>>

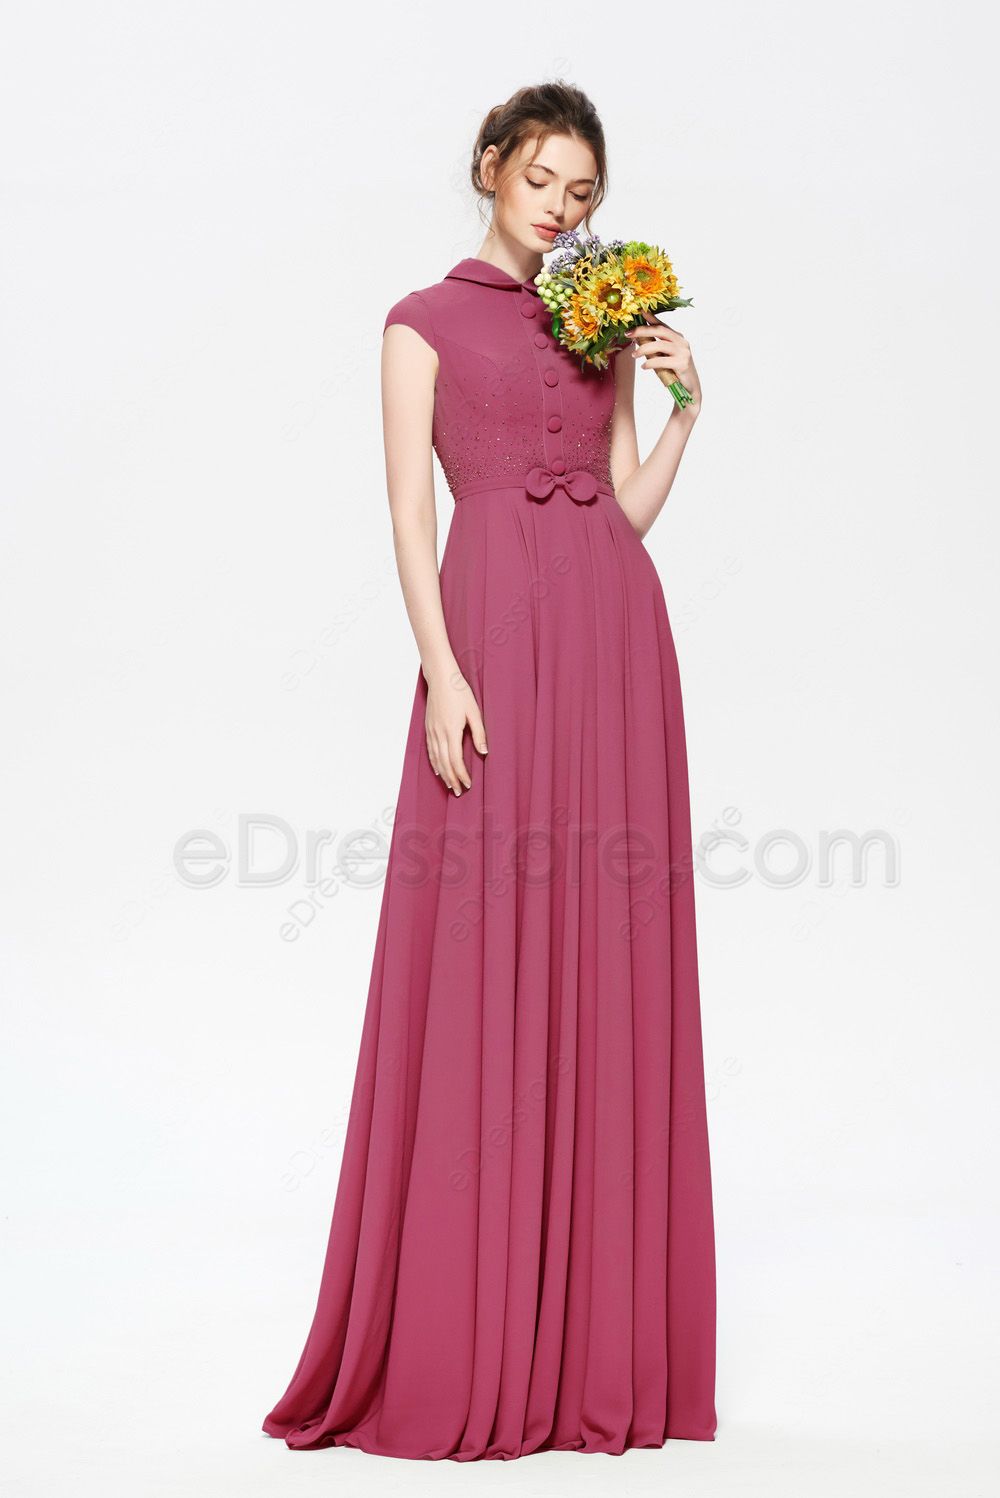 Modest Beaded Chianti Rose Bridesmaid Dresses Cap Sleeves | eDresstore
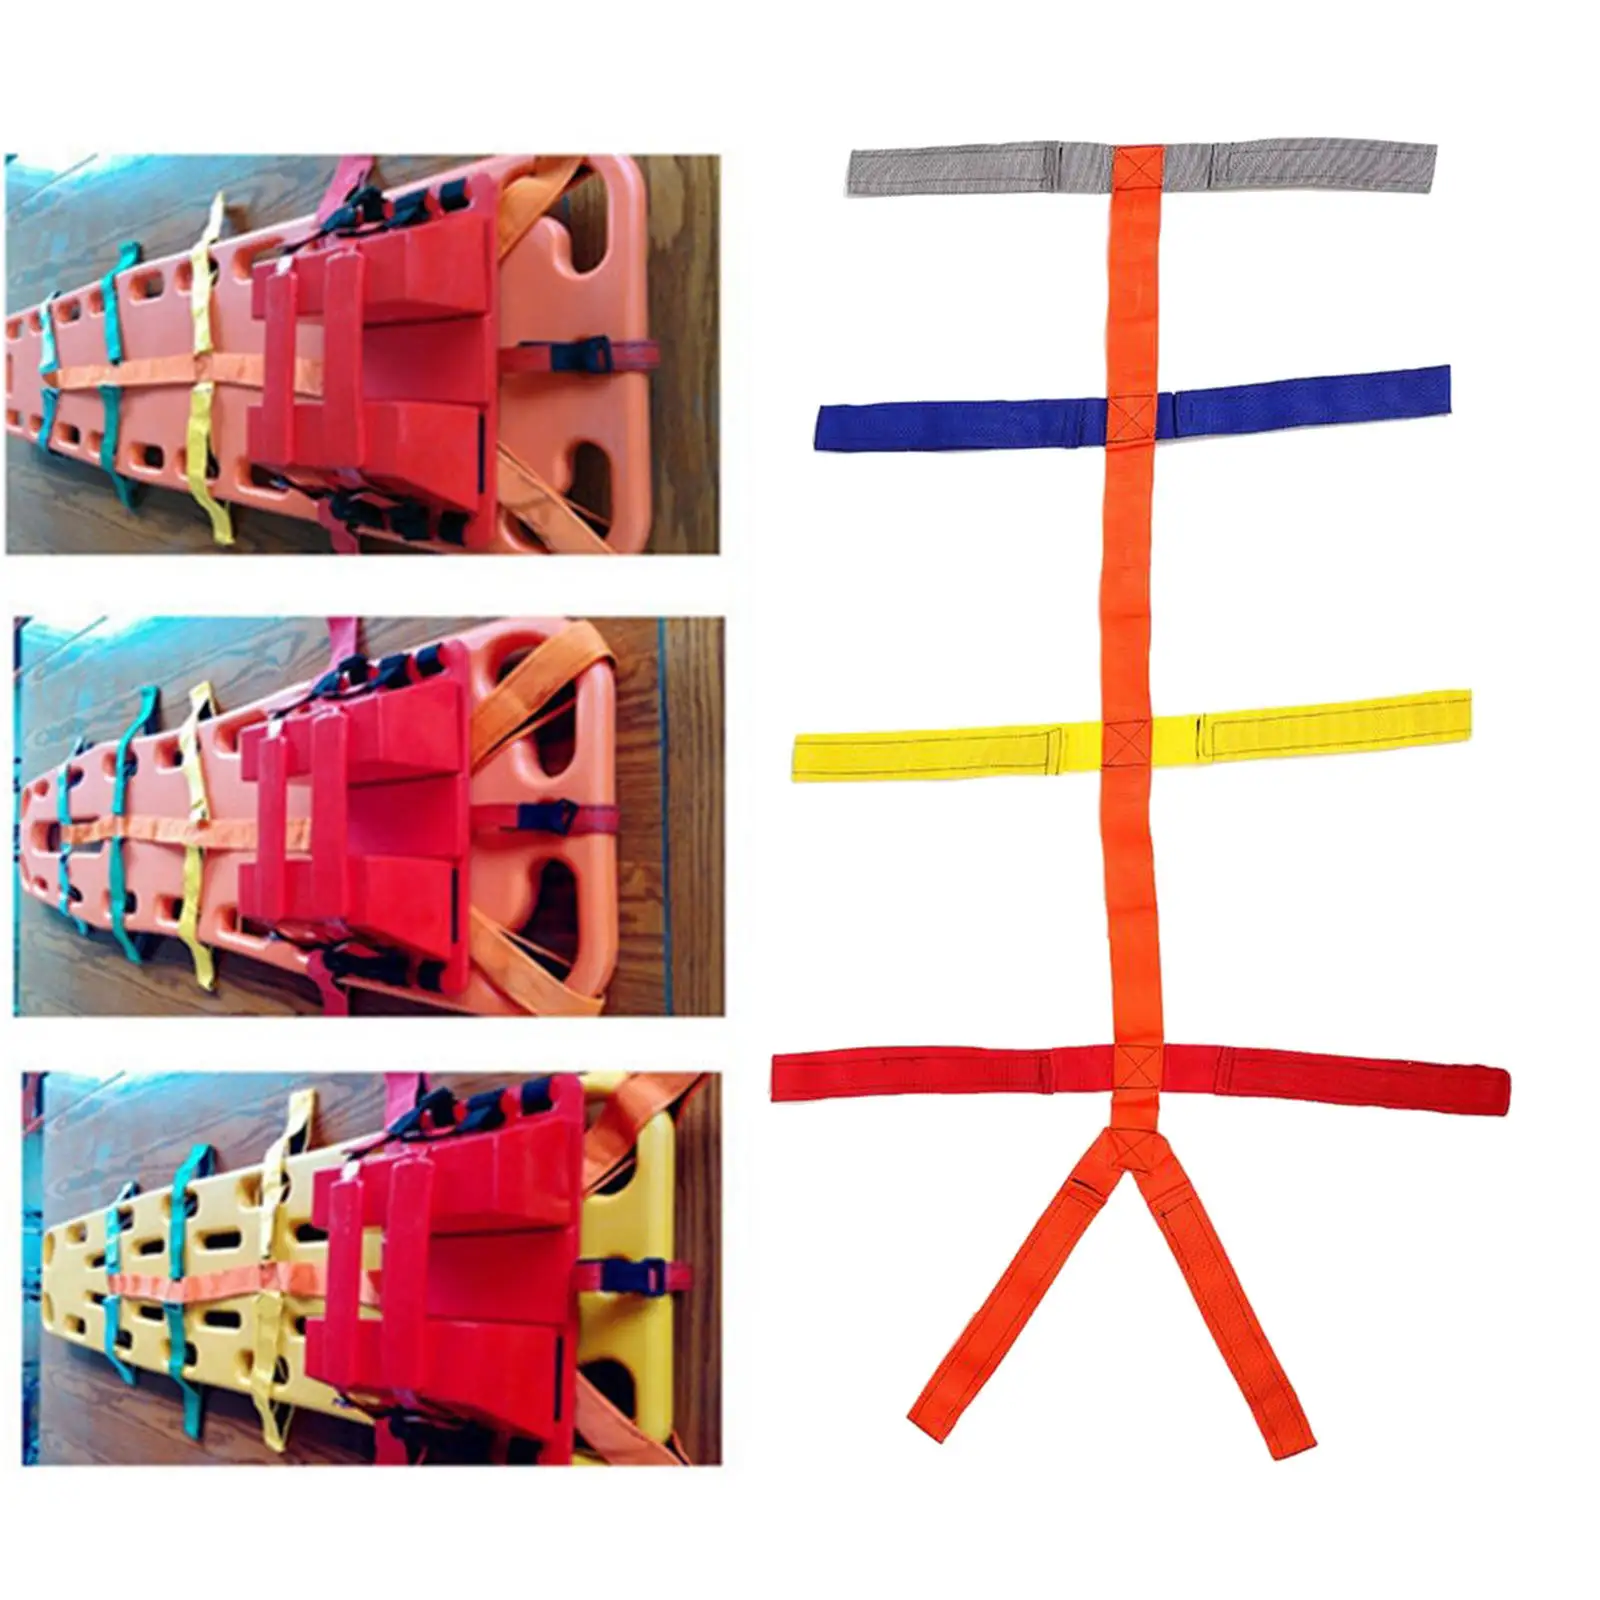 Spider Strap Spinal Belt Stretcher Color Coded Spinal Fixation EMS Band Reflective Backboard Support Personal for Spine Board
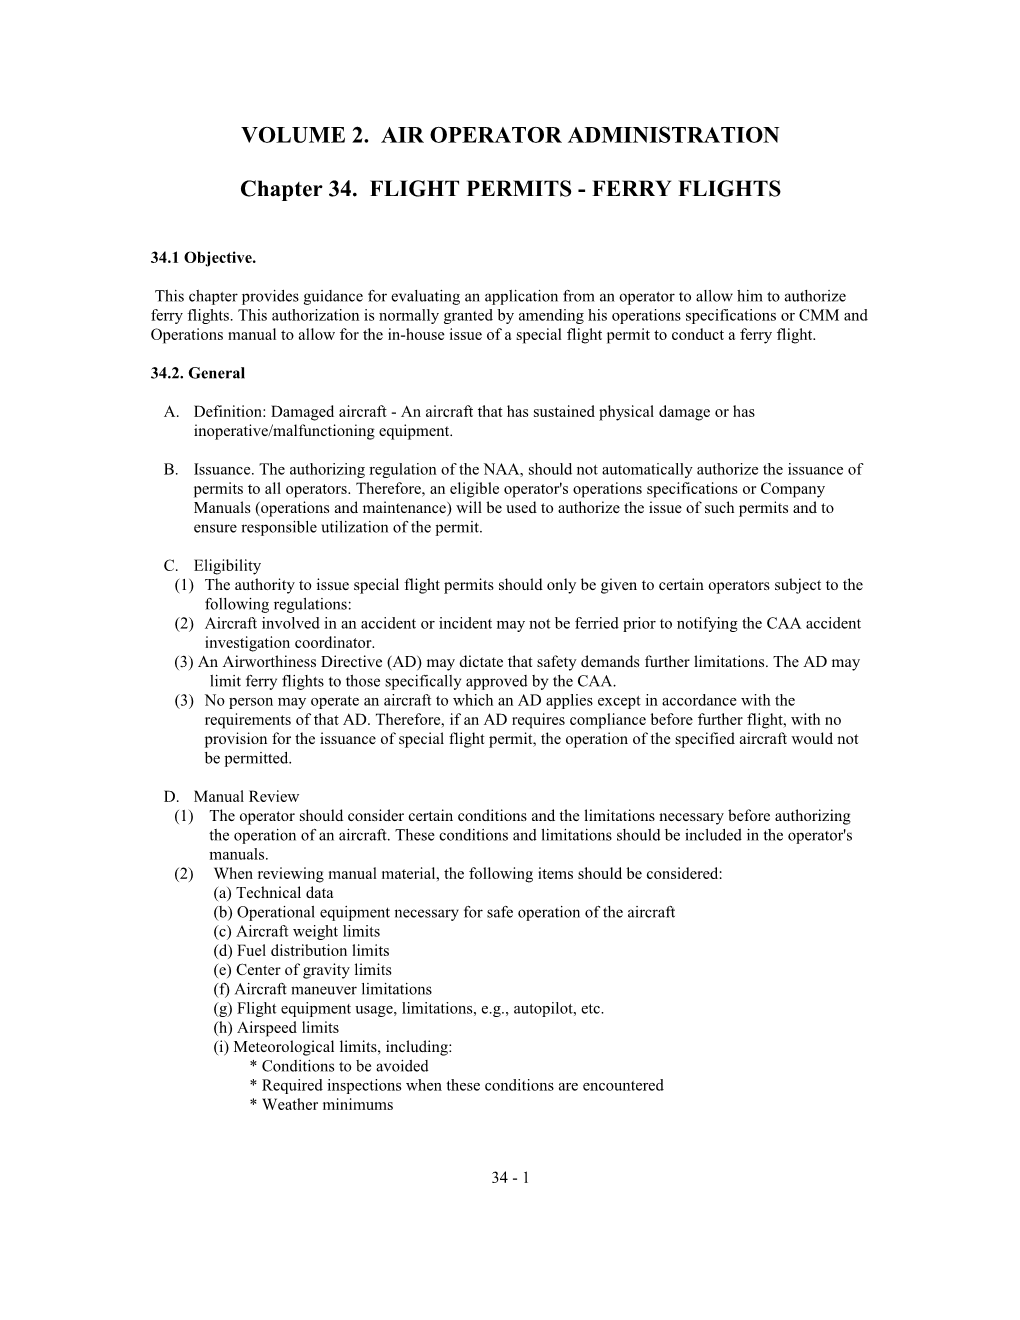 FLIGHT Permits - FERRY FLIGHTS

<<

— BRIEF —
All of the material shown above needs to be duplicated exactly. Omit every picture.

— COMPLETED TASK —
 Modest Beaded Chianti Rose Bridesmaid Dresses Cap Sleeves | eDresstore
 Spider Strap Spinal Belt Stretcher Color Coded Spinal Fixation EMS Band Reflective Backboard Support Personal for Spine Board
 FLIGHT Permits - FERRY FLIGHTS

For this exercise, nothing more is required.